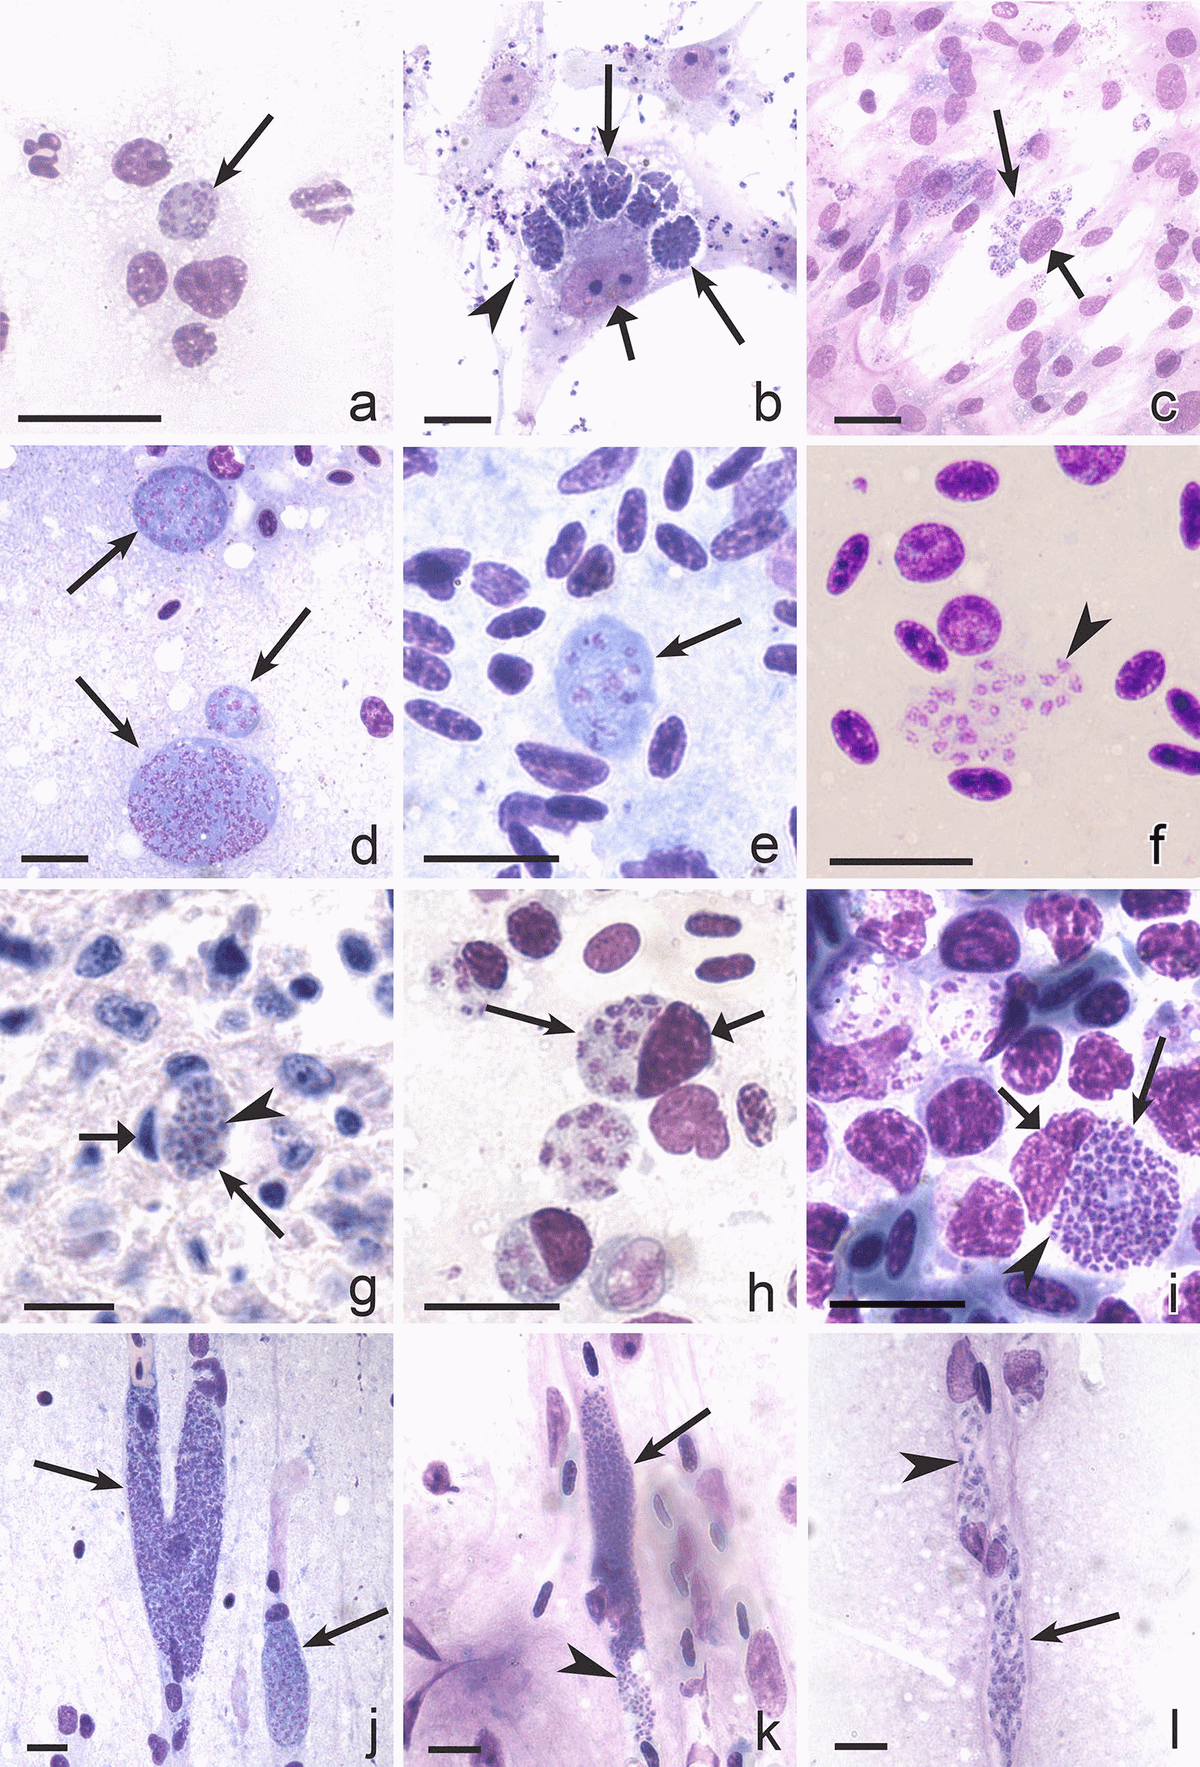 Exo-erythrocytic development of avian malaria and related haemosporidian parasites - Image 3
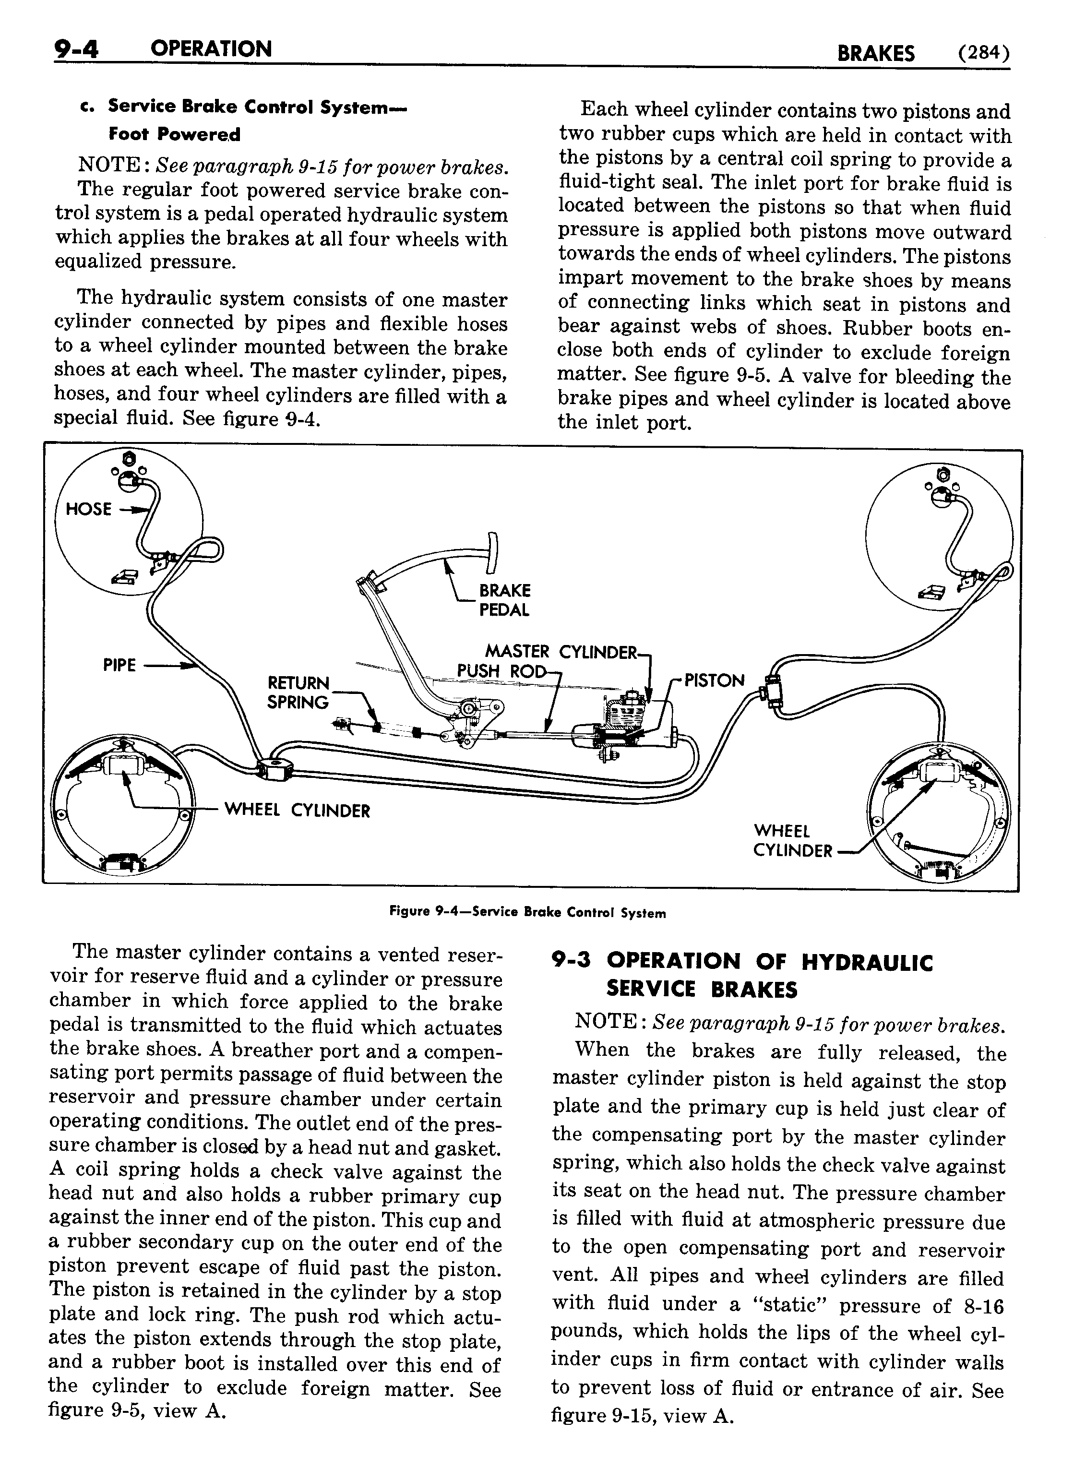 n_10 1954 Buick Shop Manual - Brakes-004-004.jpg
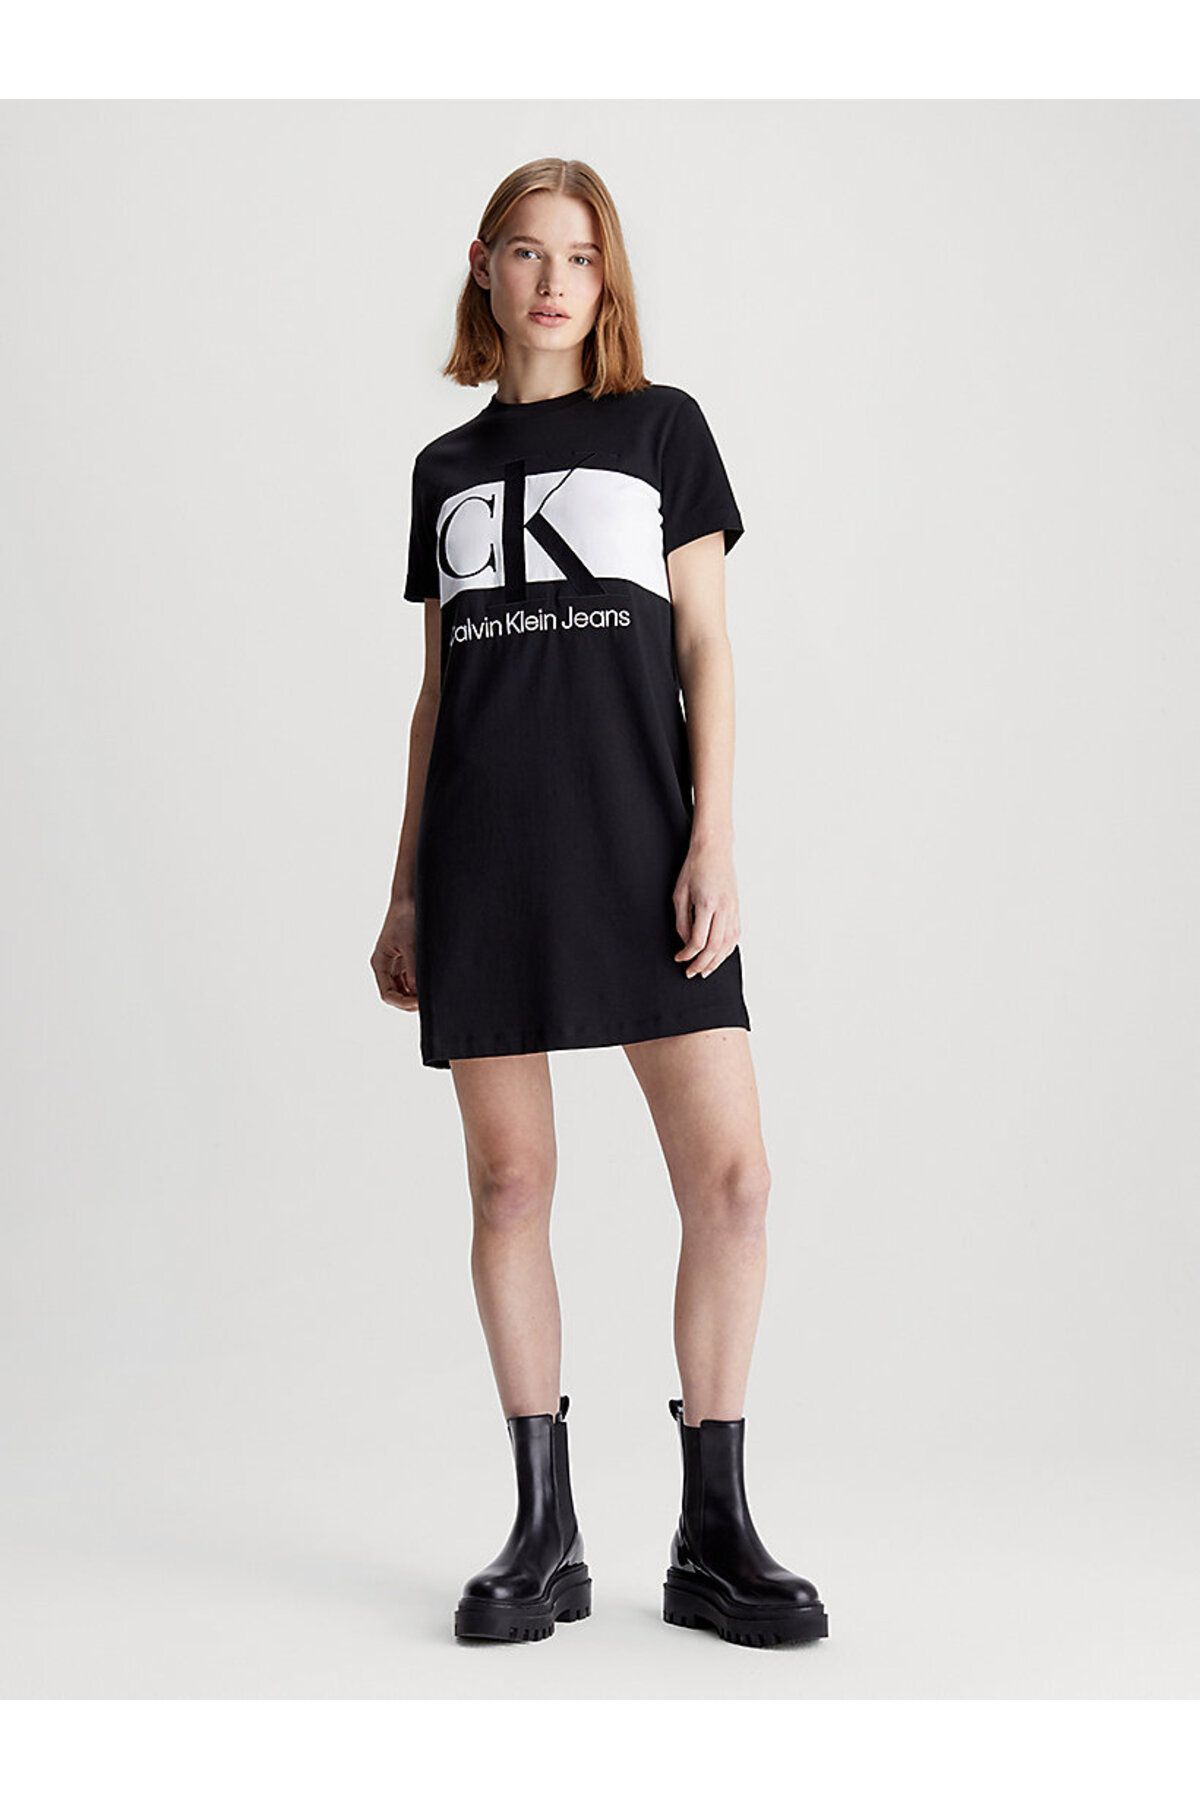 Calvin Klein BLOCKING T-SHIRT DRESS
○ ○ ○
Required action |
Make an exact copy of the listing, with no images in it.

Response |
 Exo-erythrocytic development of avian malaria and related haemosporidian parasites - Image 3
 n_10 1954 Buick Shop Manual - Brakes-004-004.jpg
 Calvin Klein BLOCKING T-SHIRT DRESS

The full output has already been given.